What is being asked
Below are records; reproduce exactly the lines from the one that has "Sammlung Von Problemlösungen" through the one that has "el presidente de perú, martín", ends included, and nothing more.

--- Extracted data Enclosed Below ---

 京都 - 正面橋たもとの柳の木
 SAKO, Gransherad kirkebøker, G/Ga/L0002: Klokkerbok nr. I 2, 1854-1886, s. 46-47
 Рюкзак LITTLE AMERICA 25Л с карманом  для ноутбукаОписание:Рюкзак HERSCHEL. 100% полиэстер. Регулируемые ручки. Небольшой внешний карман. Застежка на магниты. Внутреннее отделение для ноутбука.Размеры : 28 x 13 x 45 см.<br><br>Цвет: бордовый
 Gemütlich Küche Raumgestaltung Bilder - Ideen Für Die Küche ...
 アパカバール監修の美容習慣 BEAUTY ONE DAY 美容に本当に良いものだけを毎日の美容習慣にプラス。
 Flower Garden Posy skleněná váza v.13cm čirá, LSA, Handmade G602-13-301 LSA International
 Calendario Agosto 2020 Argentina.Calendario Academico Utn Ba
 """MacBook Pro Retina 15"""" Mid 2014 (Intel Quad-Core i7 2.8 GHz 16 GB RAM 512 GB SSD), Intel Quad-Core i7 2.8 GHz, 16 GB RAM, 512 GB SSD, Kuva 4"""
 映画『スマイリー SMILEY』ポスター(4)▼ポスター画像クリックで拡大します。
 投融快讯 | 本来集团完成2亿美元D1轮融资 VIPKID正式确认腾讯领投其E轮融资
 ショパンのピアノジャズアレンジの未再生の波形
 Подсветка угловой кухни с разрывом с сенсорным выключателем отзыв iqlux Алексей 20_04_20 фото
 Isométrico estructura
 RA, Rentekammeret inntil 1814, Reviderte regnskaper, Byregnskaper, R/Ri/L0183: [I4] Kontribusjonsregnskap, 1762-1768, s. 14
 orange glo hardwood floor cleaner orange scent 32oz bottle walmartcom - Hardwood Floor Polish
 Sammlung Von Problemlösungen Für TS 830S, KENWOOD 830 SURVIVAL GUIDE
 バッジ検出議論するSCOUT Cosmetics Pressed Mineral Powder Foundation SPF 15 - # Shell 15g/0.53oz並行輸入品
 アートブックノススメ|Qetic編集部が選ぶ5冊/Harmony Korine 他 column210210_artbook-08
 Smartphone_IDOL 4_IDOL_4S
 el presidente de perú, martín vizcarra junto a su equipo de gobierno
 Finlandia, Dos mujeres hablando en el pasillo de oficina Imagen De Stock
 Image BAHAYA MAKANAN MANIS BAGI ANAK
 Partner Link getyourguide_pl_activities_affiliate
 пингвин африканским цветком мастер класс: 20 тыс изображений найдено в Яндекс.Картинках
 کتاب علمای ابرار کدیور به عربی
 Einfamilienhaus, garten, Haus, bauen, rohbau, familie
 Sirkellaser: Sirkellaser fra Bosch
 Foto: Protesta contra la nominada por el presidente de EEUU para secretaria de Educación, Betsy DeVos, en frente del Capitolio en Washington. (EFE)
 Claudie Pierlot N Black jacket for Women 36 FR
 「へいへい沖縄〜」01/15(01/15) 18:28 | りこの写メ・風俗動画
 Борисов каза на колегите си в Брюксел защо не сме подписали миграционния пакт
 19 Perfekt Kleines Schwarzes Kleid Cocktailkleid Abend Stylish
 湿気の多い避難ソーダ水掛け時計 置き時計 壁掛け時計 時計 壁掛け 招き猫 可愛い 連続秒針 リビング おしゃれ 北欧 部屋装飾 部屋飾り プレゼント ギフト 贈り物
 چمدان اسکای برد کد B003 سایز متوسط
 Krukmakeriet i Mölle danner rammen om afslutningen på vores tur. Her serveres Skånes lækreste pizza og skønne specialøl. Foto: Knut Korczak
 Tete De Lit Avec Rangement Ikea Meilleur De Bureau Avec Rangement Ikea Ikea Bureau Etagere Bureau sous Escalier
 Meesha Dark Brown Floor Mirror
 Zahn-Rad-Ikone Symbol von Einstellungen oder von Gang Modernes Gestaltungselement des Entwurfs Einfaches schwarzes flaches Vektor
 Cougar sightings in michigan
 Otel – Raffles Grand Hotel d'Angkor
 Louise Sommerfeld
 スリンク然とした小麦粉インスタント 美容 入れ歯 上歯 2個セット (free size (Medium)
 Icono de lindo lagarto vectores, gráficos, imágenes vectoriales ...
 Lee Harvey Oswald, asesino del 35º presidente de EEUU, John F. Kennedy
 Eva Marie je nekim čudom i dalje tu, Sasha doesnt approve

--- End of Enclosed Extracted data ---

Solution to the problem
 Sammlung Von Problemlösungen Für TS 830S, KENWOOD 830 SURVIVAL GUIDE
 バッジ検出議論するSCOUT Cosmetics Pressed Mineral Powder Foundation SPF 15 - # Shell 15g/0.53oz並行輸入品
 アートブックノススメ|Qetic編集部が選ぶ5冊/Harmony Korine 他 column210210_artbook-08
 Smartphone_IDOL 4_IDOL_4S
 el presidente de perú, martín vizcarra junto a su equipo de gobierno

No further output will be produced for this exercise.